BRIEF SUMMARY OF THE INVENTION

[0009] The present invention is generally directed toward devices, systems and methods for use in compressing and/or pumping gases or vapors using a fluid ring pump. In one embodiment, a liquid ring pump is provided comprising a housing and a rotor, the rotor being rotatably mounted eccentrically within the housing. The rotor comprises an annular inner surface having a plurality of radial apertures, a plurality of spaced blades interspersed between the plurality of radial apertures and at least a pair of side walls spaced apart axially along the annular inner surface with one side wall on each axial side of the radial apertures. The blades project radially outward from the annular inner surface.

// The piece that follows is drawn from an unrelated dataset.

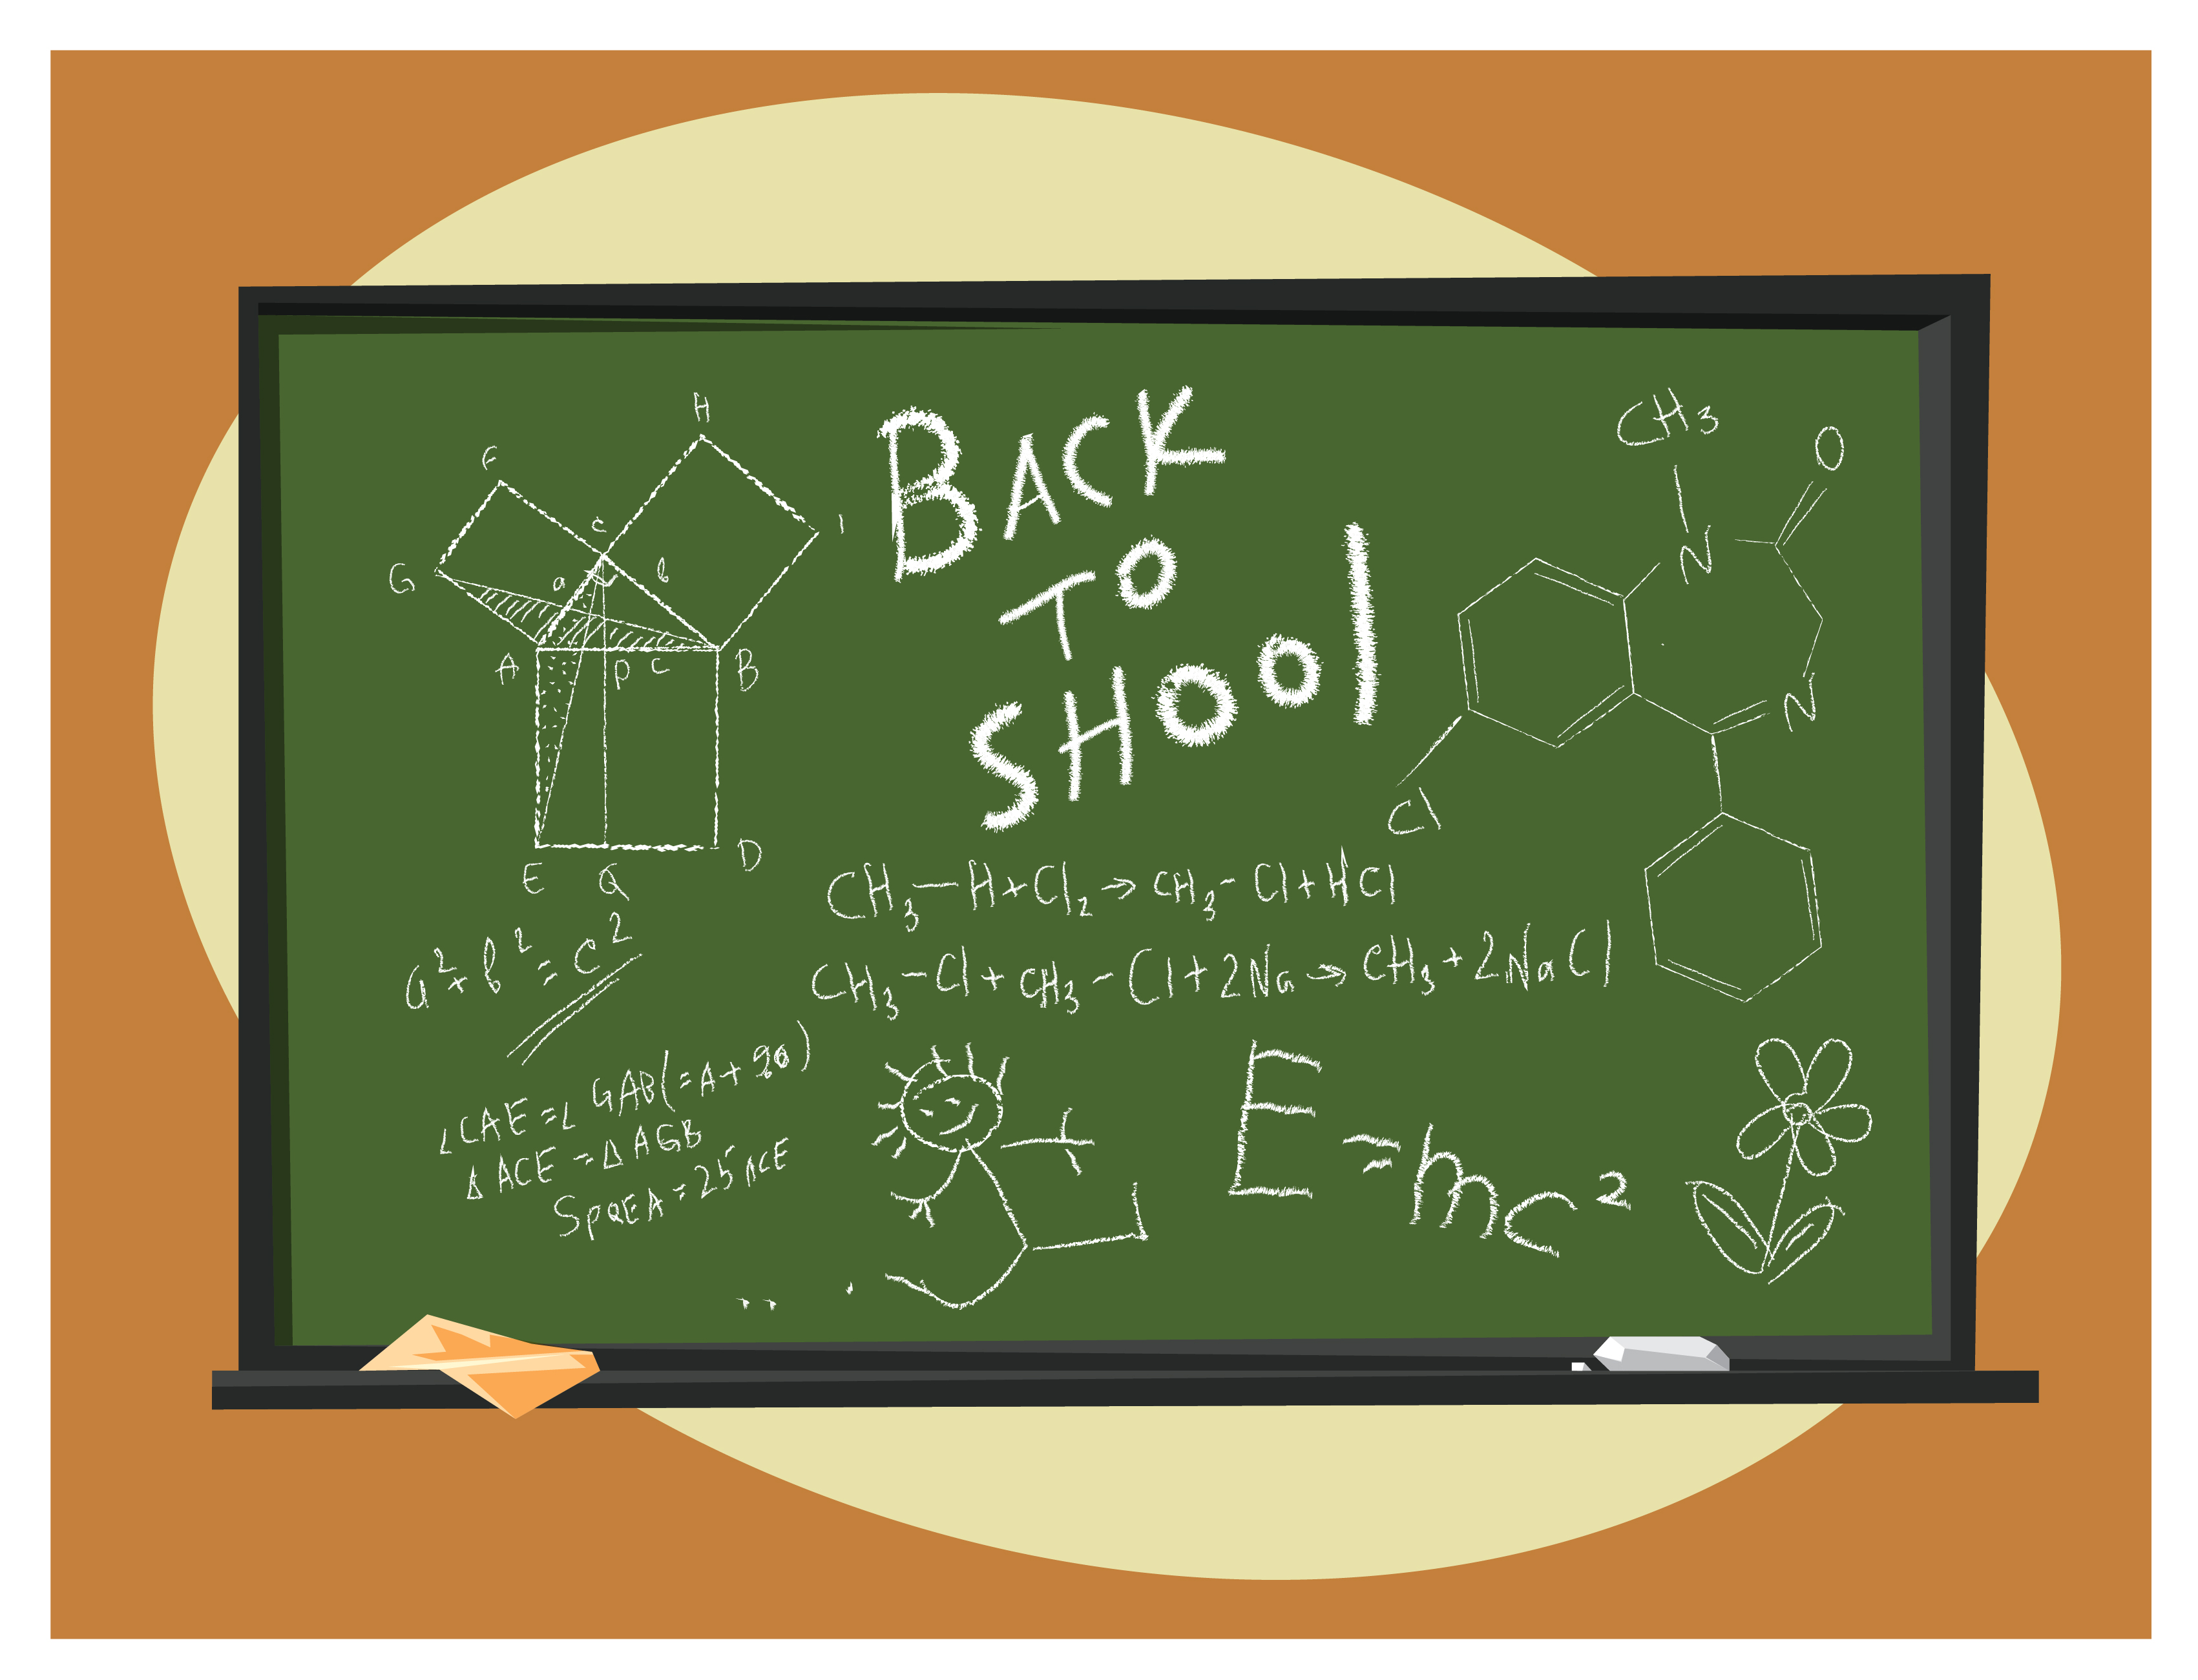 Education objects vector illustration for design Photoshop brush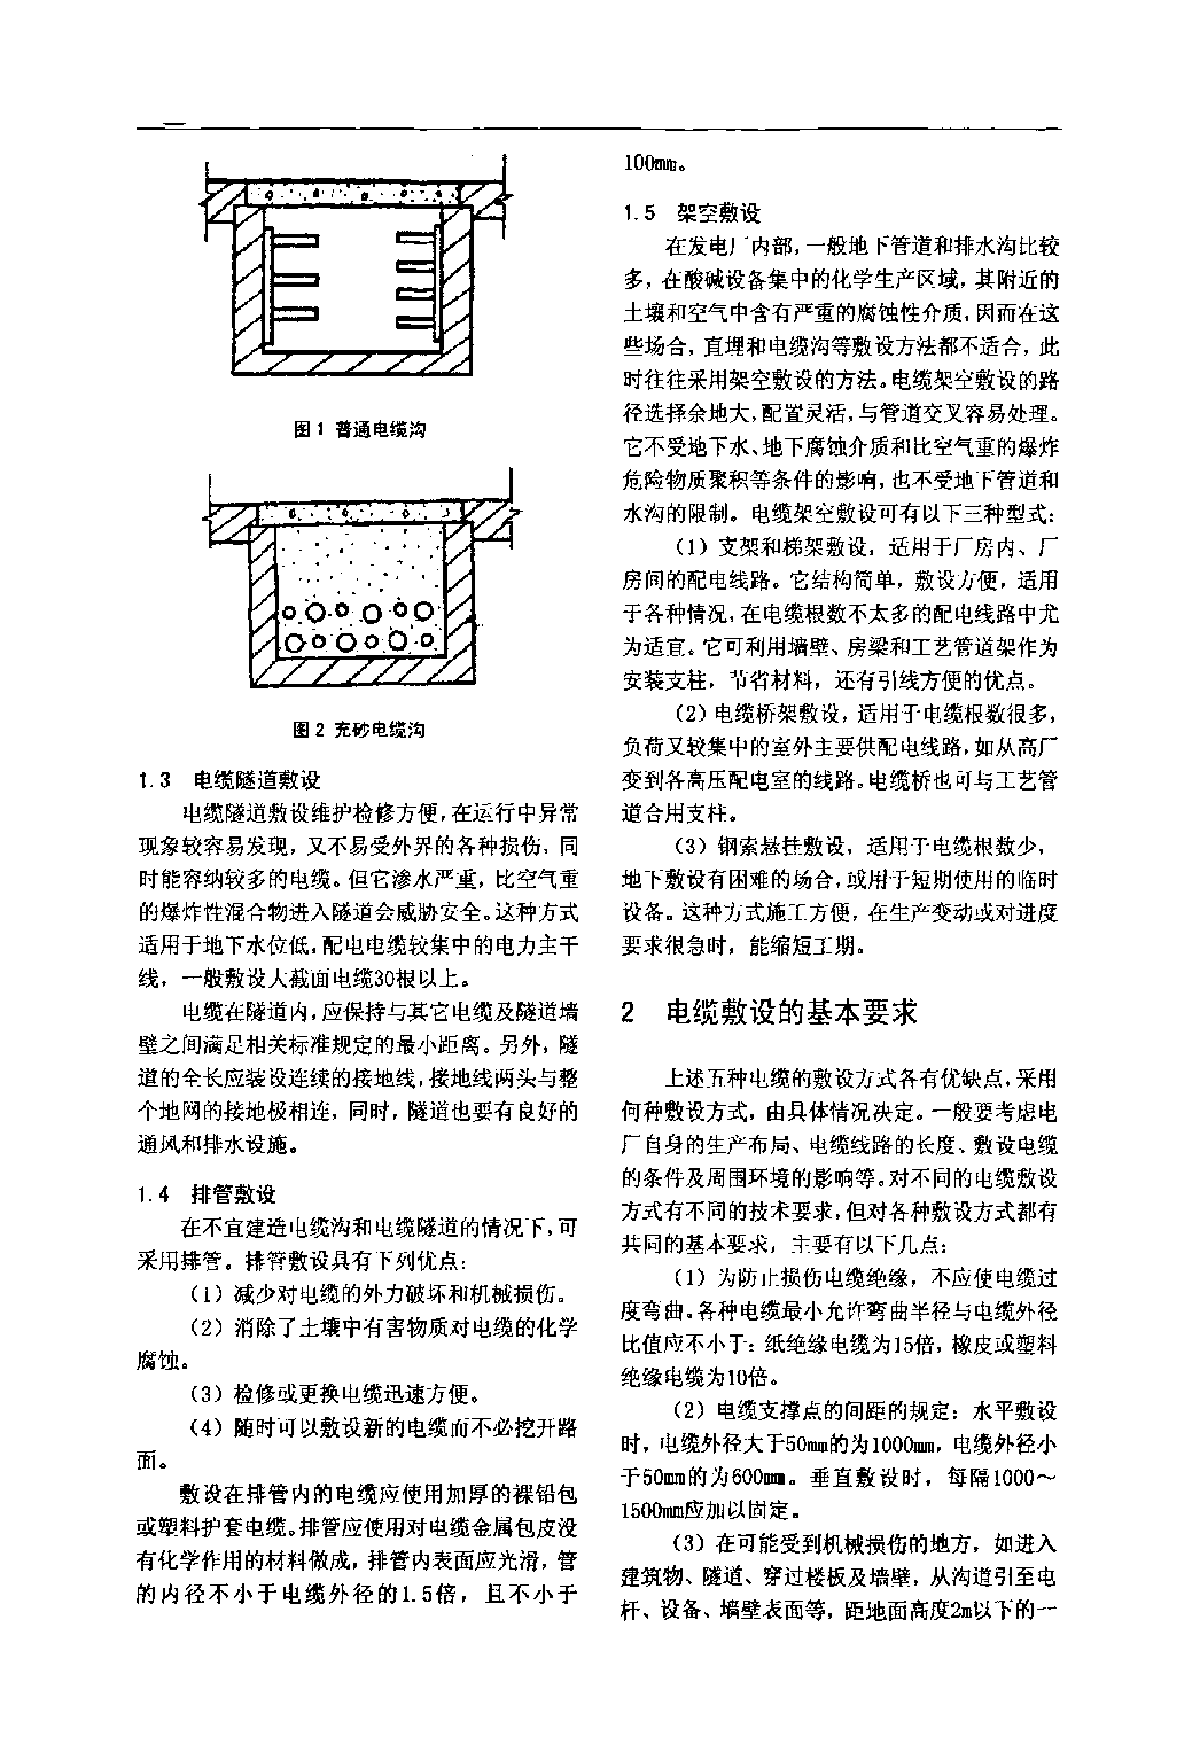  Discussion on cable laying of new power plant - Figure 2

The side walls project outwardly from the annular inner surface and extending between the spaced blades to form a plurality of radially extending chambers. One blade may be positioned between each adjacent pairs of radial apertures. One side wall may be positioned on each side of the radial apertures. Gas enters and leaves the chambers through the radial apertures during operation.

[0010] The liquid ring pump may comprise port means for supplying gas to and receiving gas from the chambers through the apertures of the annular rotor.

[0011] The liquid ring pump may comprise an intake port positioned radially inward of the annular rotor for directing gas to the compression chambers and a discharge port positioned radially inward of the annular rotor surface for receiving gas discharged from the compression chambers, the discharge port being angularly spaced from the intake port.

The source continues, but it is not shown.